Perform Health Checks

Overview

The Paragon Health Check Script is meticulously designed for Kubernetes-based infrastructures, offering a seamless way to monitor and assess the operational health of system components. Executing this Bash-based script performs a series of automated checks across the following critical infrastructure elements:

Kubernetes cluster health (nodes, pods, containers, services)
Storage systems (Rook Ceph)
Databases (PostgreSQL with Patroni)
Message queues (RabbitMQ)
Time-series databases (InfluxDB)
Configuration services (ConfigServer)
Container registries
System resources (CPU, memory, disk space)

The script generates a detailed health report that is easy to interpret through its color-coded status indicators. By reviewing these reports, you can quickly identify and address potential issues before they escalate, ensuring the continuous availability and performance of your infrastructure.

Benefits of Paragon Automation Health Check Script

Enhance system reliability by automating comprehensive health checks across key infrastructure components, enabling early detection of potential issues.
Provide clear and actionable insights through detailed health reports with color-coded status indicators, allowing for quick identification and resolution of problems.
Support efficient resource management by monitoring disk space, CPU, and memory usage, ensuring optimal utilization and preventing performance bottlenecks.
Facilitate secure operations by integrating authentication for Kubernetes and PostgreSQL, safeguarding sensitive data and credentials during health assessments.
Improve operational efficiency through automation of health checks with cron jobs, ensuring continuous monitoring without manual intervention.

Environment Requirements

Operating System—Linux (RHEL, CentOS, Ubuntu)
Kubernetes Cluster—Running and accessible
User Permissions—Root or sudo access required
Network Access—SSH access to cluster nodes (for disk space checks)

Required Tools

The following command-line tools must be installed and available in $PATH:

Table 1: Command Line Tools
Tool	Purpose	Installation
kubectl	Kubernetes CLI	curl -LO https://dl.k8s.io/release/$(curl -L -s https://dl.k8s.io/release/stable.txt)/bin/linux/amd64/kubectl
jq	JSON parsing	yum install jq or apt-get install jq
bc	Arithmetic calculations	yum install bc or apt-get install bc
curl	HTTP requests	Preinstalled
ssh	Remote node access	Preinstalled
base64	Credential decoding	Preinstalled

Required Configurations

KUBECONFIG—Must be set to /etc/kubernetes/admin.conf or equivalent.
Cluster Access—You must have cluster-admin privileges to run the script.
Metrics Server—Must be deployed for resource monitoring (kubectl top commands).

Environment Variables:

File Path:

Usage Instructions

Basic Usage
Available Check Functions

Basic Usage

Table 2 lists the basic command line options that you can use to perform health checks.

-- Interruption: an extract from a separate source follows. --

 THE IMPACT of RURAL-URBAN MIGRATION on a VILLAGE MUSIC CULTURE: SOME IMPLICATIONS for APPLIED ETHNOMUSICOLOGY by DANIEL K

Table 2: Command line options
Option	Description	Example
-v	Enable verbose output	./health-check.sh -v
-s	Silent mode (minimal output)	./health-check.sh -s
-t	Run specific checks (comma-separated)	./health-check.sh -t check_node_status,check_pods_status You can run the following checks: `check_node_status`—Checks only node status and node health. `check_pods_status`—Checks only pods status and pod health. `check_postgres_status`—Checks PostgreSQL status only `check_disk_space_status -k /root/.ssh/id_rsa -u root`—Checks disk space with SSH key
-u	SSH username for node access	./health-check.sh -u root -k /root/.ssh/id_rsa
-k	Path to SSH private key	./health-check.sh -k /root/.ssh/id_rsa
-a	Full check mode	./health-check.sh -a

Available Check Functions

Table 3 lists the available check functions.

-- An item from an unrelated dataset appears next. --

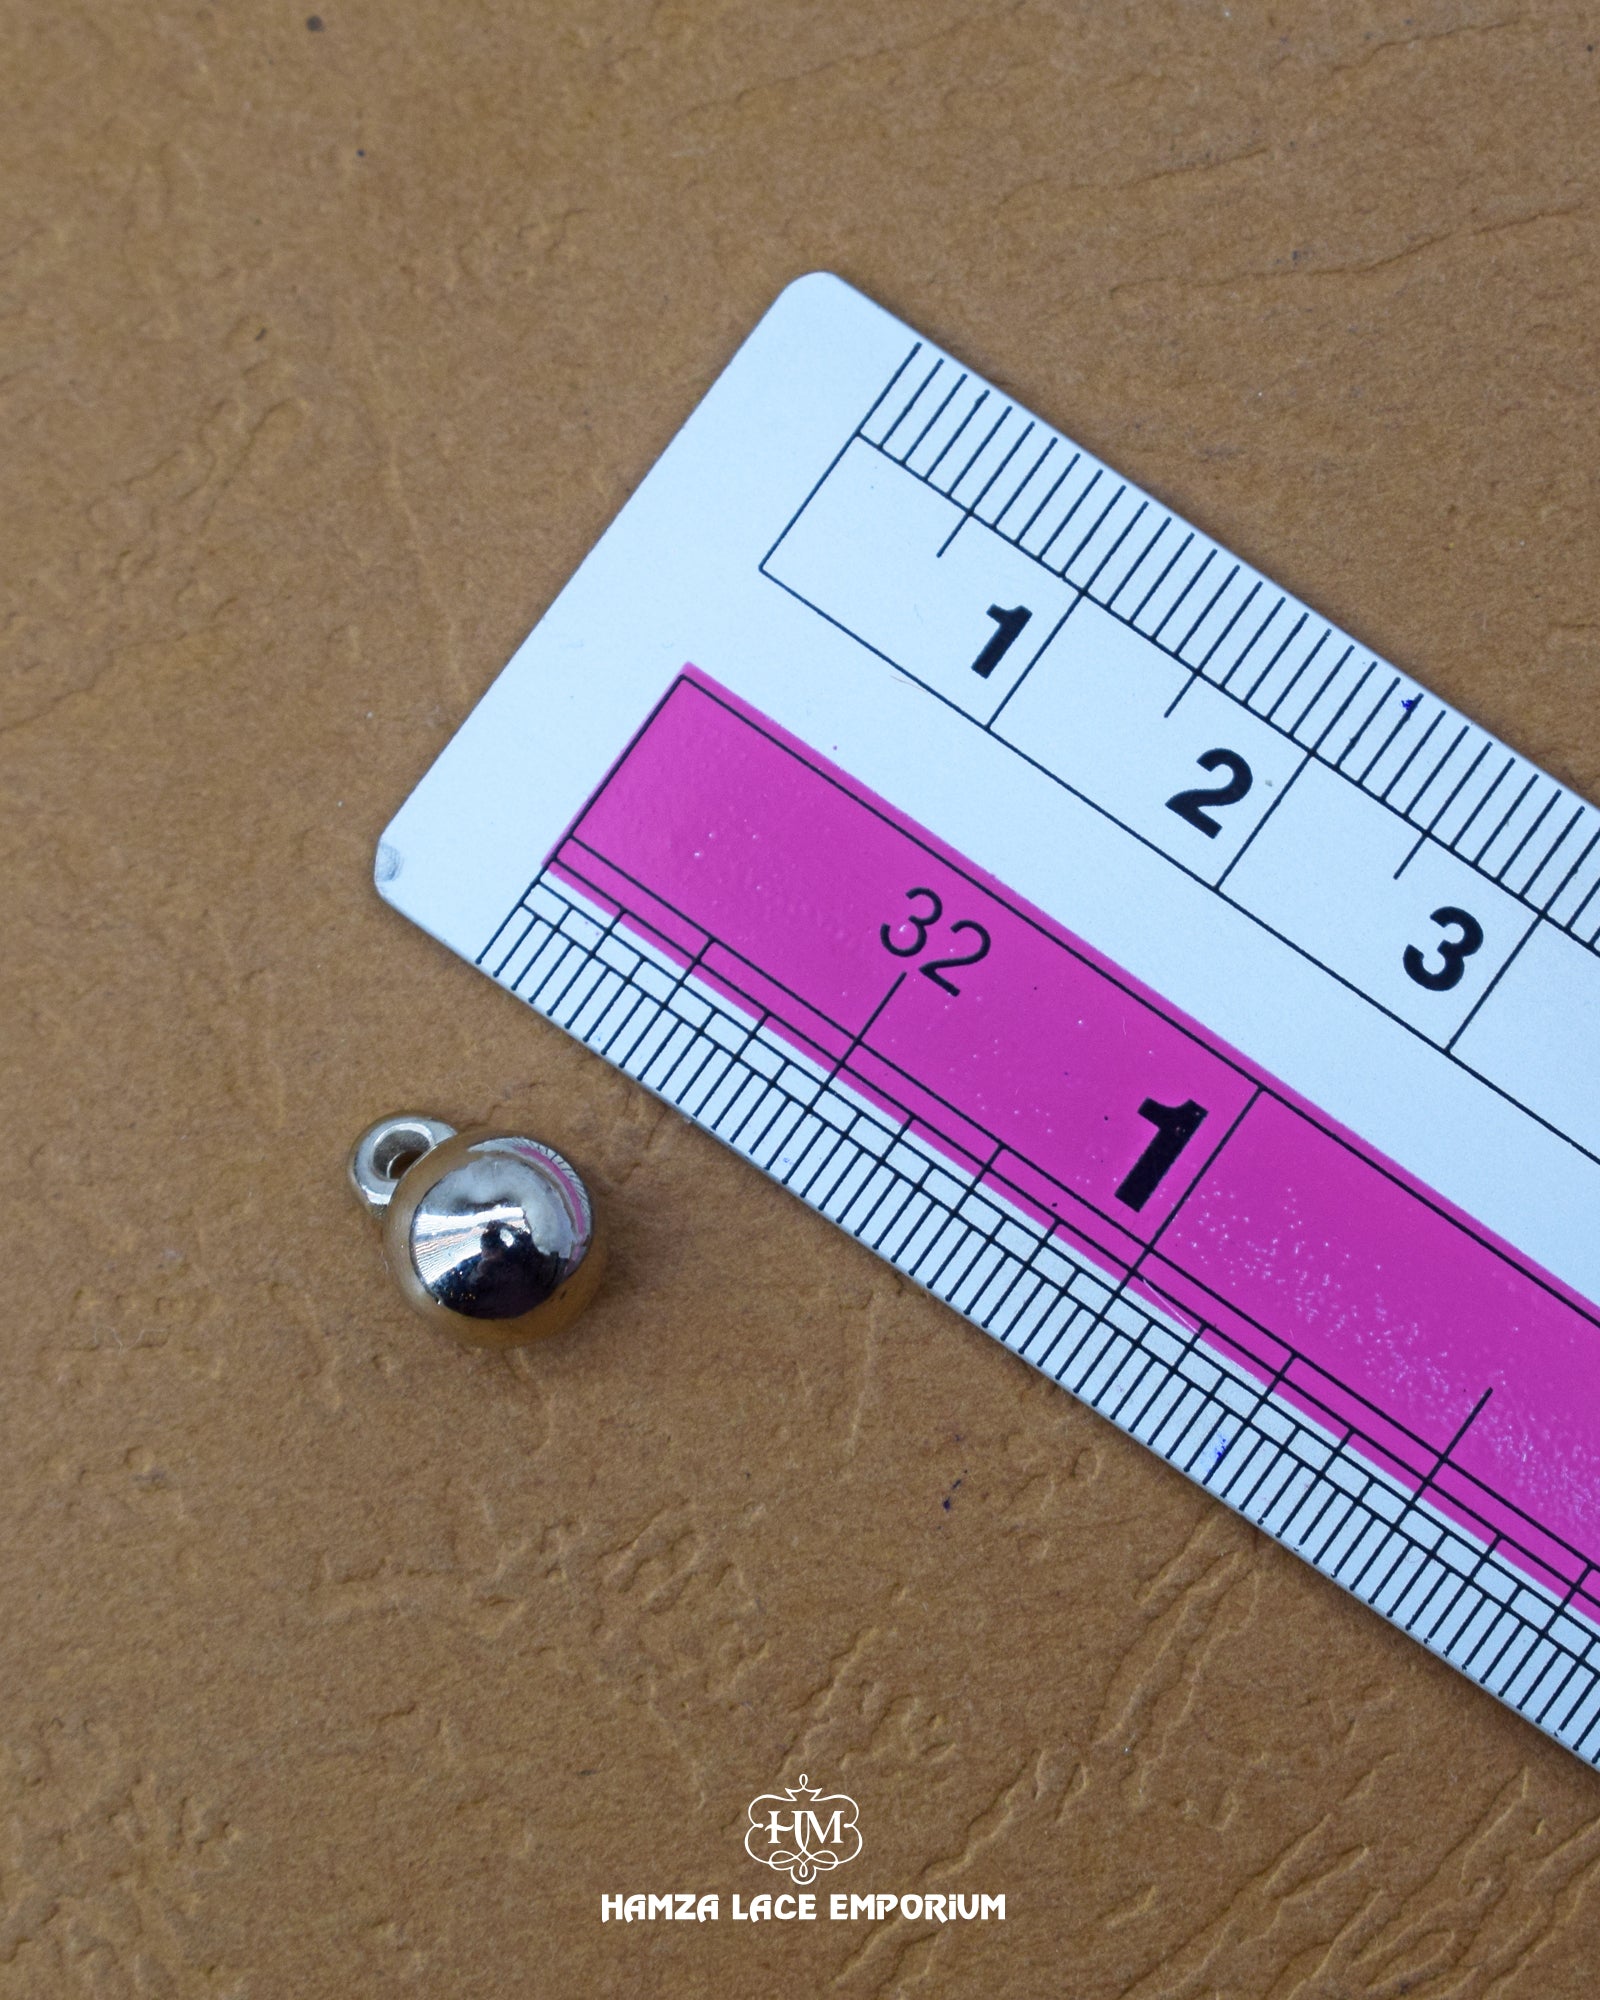 The size of the 'Metal Button MB802' is measured using a ruler.

Table 3: Available Check Functions
Function	Description
`check_node_count`	Verifies the Kubernetes cluster has the expected number of nodes (≥4 for standard clusters, ≥1 for mini deployments).
`check_node_status`	Ensures all cluster nodes are in the Ready state and reports any nodes that are NotReady or in error states.
`check_node_readiness_status`	Counts and reports nodes that are not in the Ready state, identifying potential node-level issues.
`check_node_taint_status`	Checks for taints on nodes that could prevent pod scheduling (expected on primary nodes if scheduling is disabled).
`check_disk_pressure_status`	Monitors nodes for disk pressure conditions that could prevent new pods from being scheduled.
`check_network_status`	Validates network connectivity and Calico CNI health across all nodes.
`check_memory_pressure_status`	Detects nodes experiencing memory pressure that could trigger pod evictions.
`check_pidpressure_status`	Checks if nodes are running out of process IDs, which would prevent new processes from starting.
`check_pods_status`	Scans all namespaces for pods in error states (BackOff, Error, Init, Terminating, Pending).
`check_pod_restarts`	Identifies pods that have experienced restart events in the last hour, indicating instability.
`check_containers_status`	Verifies all init containers completed successfully and regular containers are in Running state.
`check_replicas_status`	Compares desired versus ready replica counts for deployments and stateful sets to detect scaling issues.
`check_services_status`	Checks for Kubernetes services stuck in Pending state, which indicates load balancer provisioning issues.
`check_disk_space_status`	SSH to each node to check disk usage on / and /export partitions (requires SSH key); warns if the utilization is greater than 80 percent.
`check_node_cpu_memory_status`	Uses metrics-server to monitor CPU and memory usage per node; alerts if utilization is greater than 80 percent.
`check_etcd_logs`	Analyzes etcd pod logs for disk latency warnings that indicate slow storage affecting cluster performance.
`check_rook_ceph_status`	Executes `ceph status` in rook-ceph-tools pod to verify Ceph cluster health (HEALTH_OK/HEALTH_WARN/HEALTH_ERR).
`check_registry_status`	Validates container registry accessibility on master nodes and checks for missing images referenced in metadata.
`check_configserver_status`	Verifies all ConfigServer pods in the healthbot namespace are running and healthy.
`check_influxdb_status`	Ensures all InfluxDB time-series database pods in healthbot namespace are operational.
`check_rabbitmq_status`	Validates RabbitMQ cluster health, checks all pods are running, and confirms AMQP (5672) and management (15672) ports are listening.
`check_postgres_status`	Comprehensive PostgreSQL check including schema validation, Patroni cluster status, leader election, replica health, replication lag, and WAL size monitoring.

Run Health Check

Use the following procedure to run the health scrip:

Log in to the primary node.

Execute the following command:

root@primary-node:~#
            health-check.sh

The script generates a comprehensive health report with color-coded status indicators (GREEN, AMBER, RED) and logs results to /var/log/dv/health-check-daily-summary.log.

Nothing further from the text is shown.